What this means for anyone building agents

The practical takeaways translate directly into how you design a long-running agent.

  • Treat context as a curated working set, not an append-only log. Every step does not earn a permanent place in the context. Decide deliberately what stays, what gets masked, and what gets summarized, and prune aggressively, because a lean context outperforms a complete one.
  • Protect the start and end of the context. Given the lost-in-the-middle effect, put the most important standing information, the goal, the key constraints, near the boundaries where the model attends best, not buried in the middle of accumulated history.
  • Strip observations, keep reasoning. The raw outputs are the bulk and rarely need to persist in full. The agent's decisions and logic are the thread that keeps it coherent. Mask the former, preserve the latter.
  • Watch for trajectory drift. If your agent runs longer than it should or fails to recognize when it is done, suspect that your context compression is hiding the stopping signals, which is exactly how summarization extended trajectories in the research.

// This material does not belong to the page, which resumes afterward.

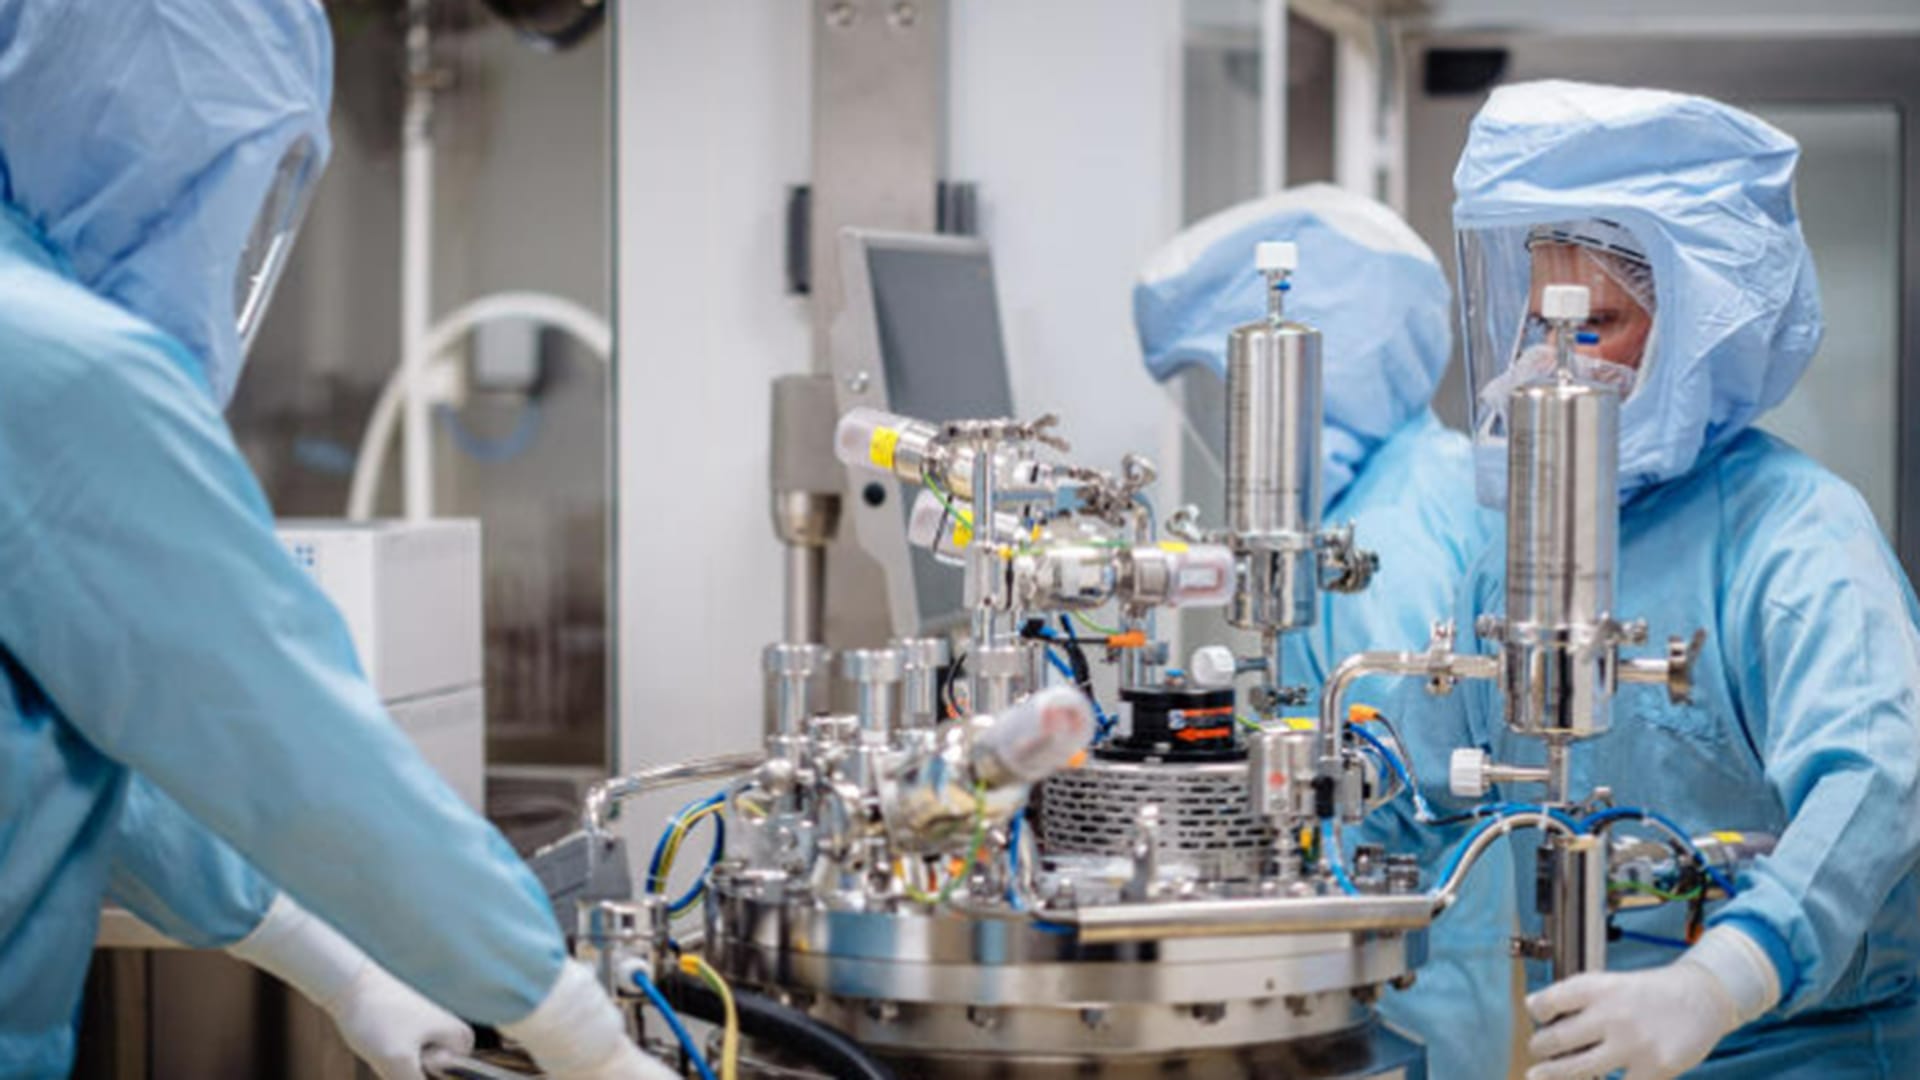 Labormitarbeiter in Schutzkleidung preparieren einen Abschnitt der Produktionsstrecke für den mRNA-Impfstoff
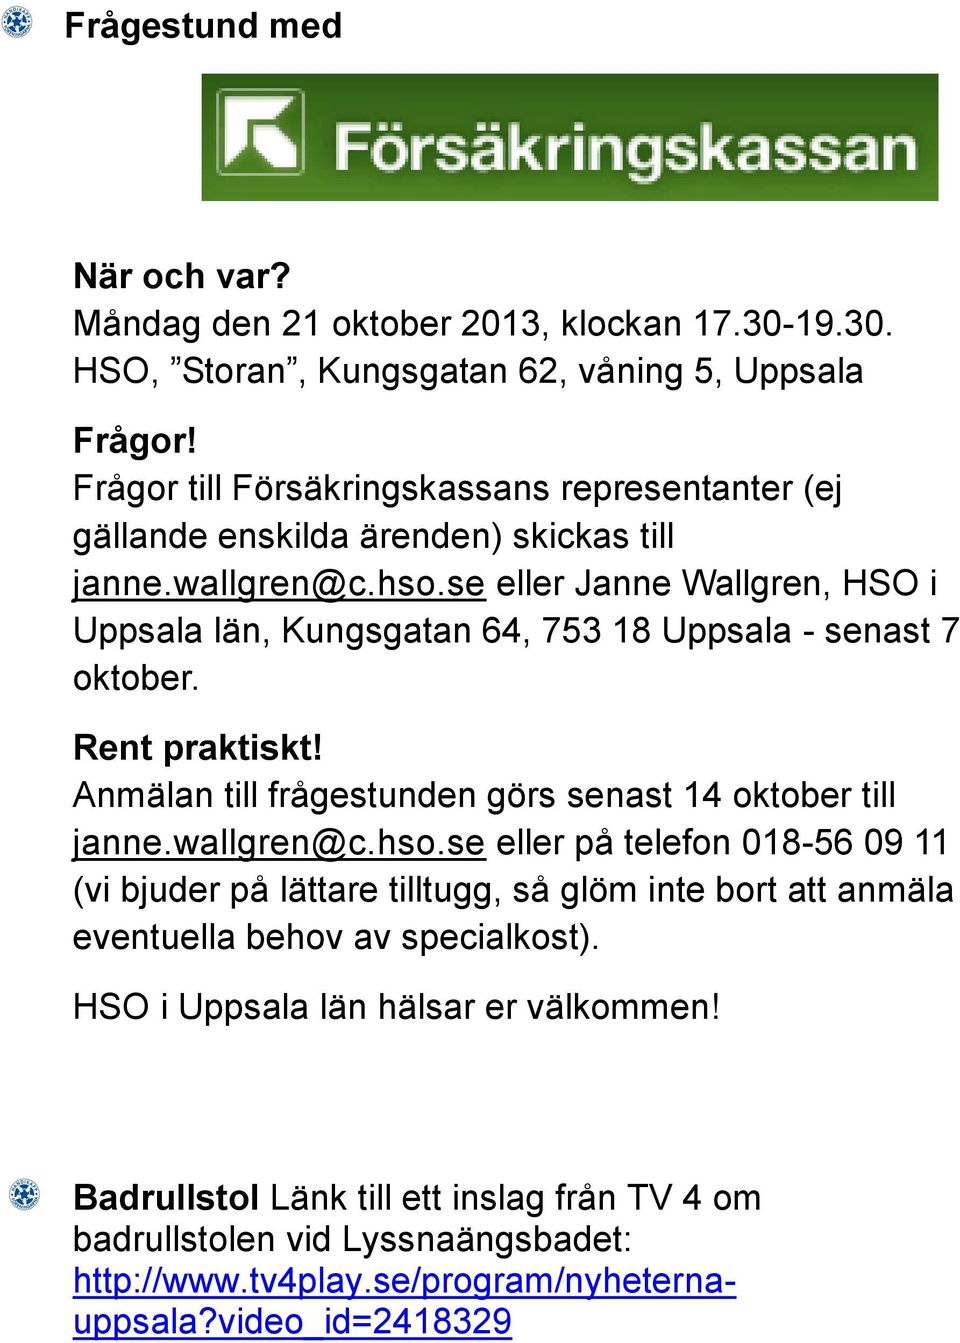 se eller Janne Wallgren, HSO i Uppsala län, Kungsgatan 64, 753 18 Uppsala - senast 7 oktober. Rent praktiskt! Anmälan till frågestunden görs senast 14 oktober till janne.wallgren@c.hso.

This kind of context discipline is part of what separates an agent that holds together across a real task from a demo that works for three steps and falls apart on the fourth. We apply it directly in the agents we build, including LadenX, the AI site-reliability engineer we built, where a coherent agent that remembers what it has already tried on a server is the difference between methodical diagnosis and a confused loop that repeats failed actions. Seeing exactly what it remembered and acted on is itself a job for agent observability that traces every span, so a context bug shows up as a replayable trace rather than a mystery. An agent operating on real infrastructure cannot afford to forget what it did two steps ago, because forgetting there means repeating a command that already did not work, or worse.

The coherent agent

The agent that stays coherent across a long task is not running a bigger model or a longer context window. It is running disciplined context management: a small, relevant, well-organized working set that keeps the goal and the recent reasoning front and center, sheds the bulky observations it no longer needs, and compresses only the complex history that genuinely must be retained. That agent remembers what it was doing because you engineered it to remember the right things and forget the rest.

The failure mode of the forgetful agent is not a model that cannot reason. It is a context so cluttered the reasoning has nothing clean to work with. Fix the context and the coherence follows, because the model was capable the whole time. It just could not see past the noise you let pile up around the task.